In a series of interviews conducted by ABC’s Maria Minaya, we’re going to introduce you to (almost) everyone who works at The American Book Centers in Amsterdam and The Hague.
Books form an integral part of our lives not only because they’re our bread and butter, but because our passion for them came first. Our mission is to pass them on. By reading these interviews you’ll discover the faces behind your favorite sections and get a glimpse of who we are.
What was your favorite food as a kid and what did you hate?
I loved turnip-mash with meatballs. I hated all meat stews and I still hate them.
Were you read to as a child?
I don’t really remember. I think so.
Did you have books in your house while growing up?
Yeah, lots of books. My parents read a lot. The whole family was always reading.
Quick free associations:
Paperbacks: Nice covers.
Price gun: Rick Lightstone.
Cash Register: Fun.
Discount Card: Question.
“I’m looking for a book…”: On miso [a traditional Japanese food produced by fermenting rice, barley and/or soybeans, with salt and the fungus kōjikin]. (That is, I really am looking for a book on miso!)
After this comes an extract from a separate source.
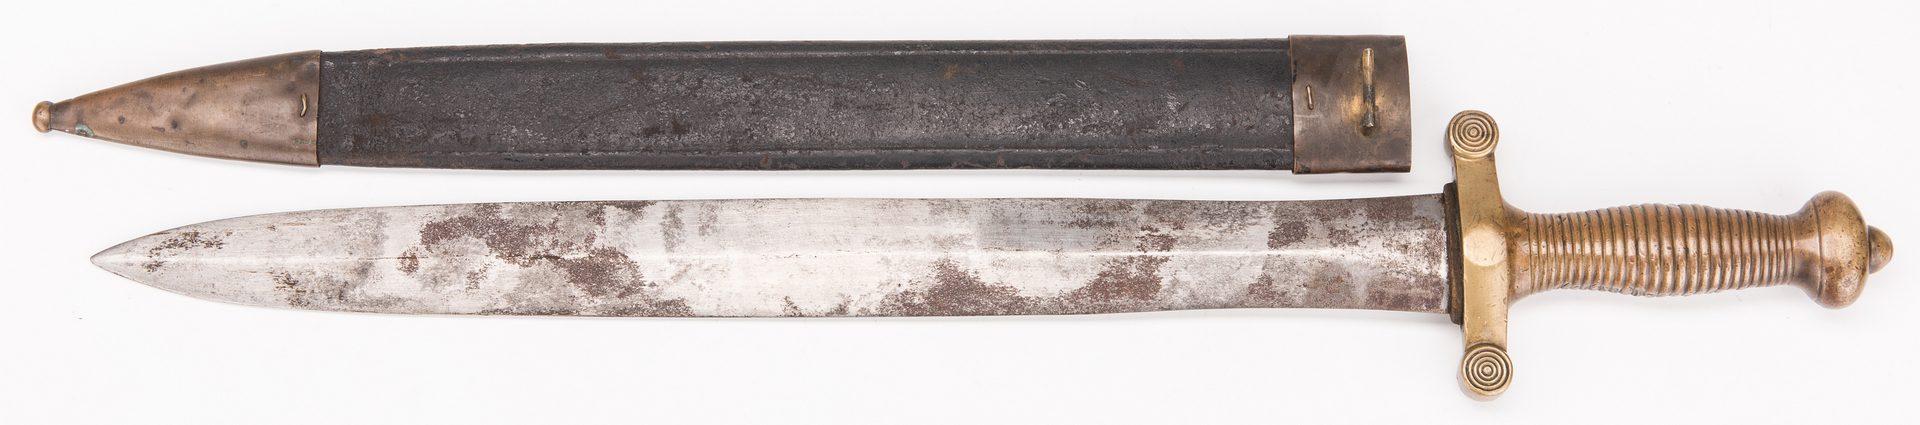 Lot 521: 4 Charles H. Boyd Civil War Era Military Weapons/Flasks

What is your connection to books and the written word now?
Just that I love to read, more than ever lately. The written word is now mostly in the form of writing post cards and emails. I don’t even keep a diary.
What sections do you oversee and what are you other responsibilities at ABC?
My section in Amsterdam is Childcare. Other work: marketing production. I handle ABC merchandise and publicity. I also promote Treehouse activities sponsored by the ABC.
What is the best part of your job?
That I can think of and come up with new ideas and bring them to fruition.
How would you describe your customer service, i.e., how do you do your job in terms of: cars (Ferrari or Fiat?), pastries (Hema or Holtkamp), or shoes (Puma or Prada)?
That I know a little about a lot of things. My service is friendly, attentive, with a touch of brash.
How long have you worked at ABC?
Who is your favorite author? Or who are you reading now?
The journalist Michaela Wrong’s In the Footsteps of Mr. Kurtz. It’s the captivating story of the Congo under Mobutu and after his fall in 1997.
What do you think people should know about ABC?
That we are not a chain store. We have interesting stock because buyers hand-pick books for their sections.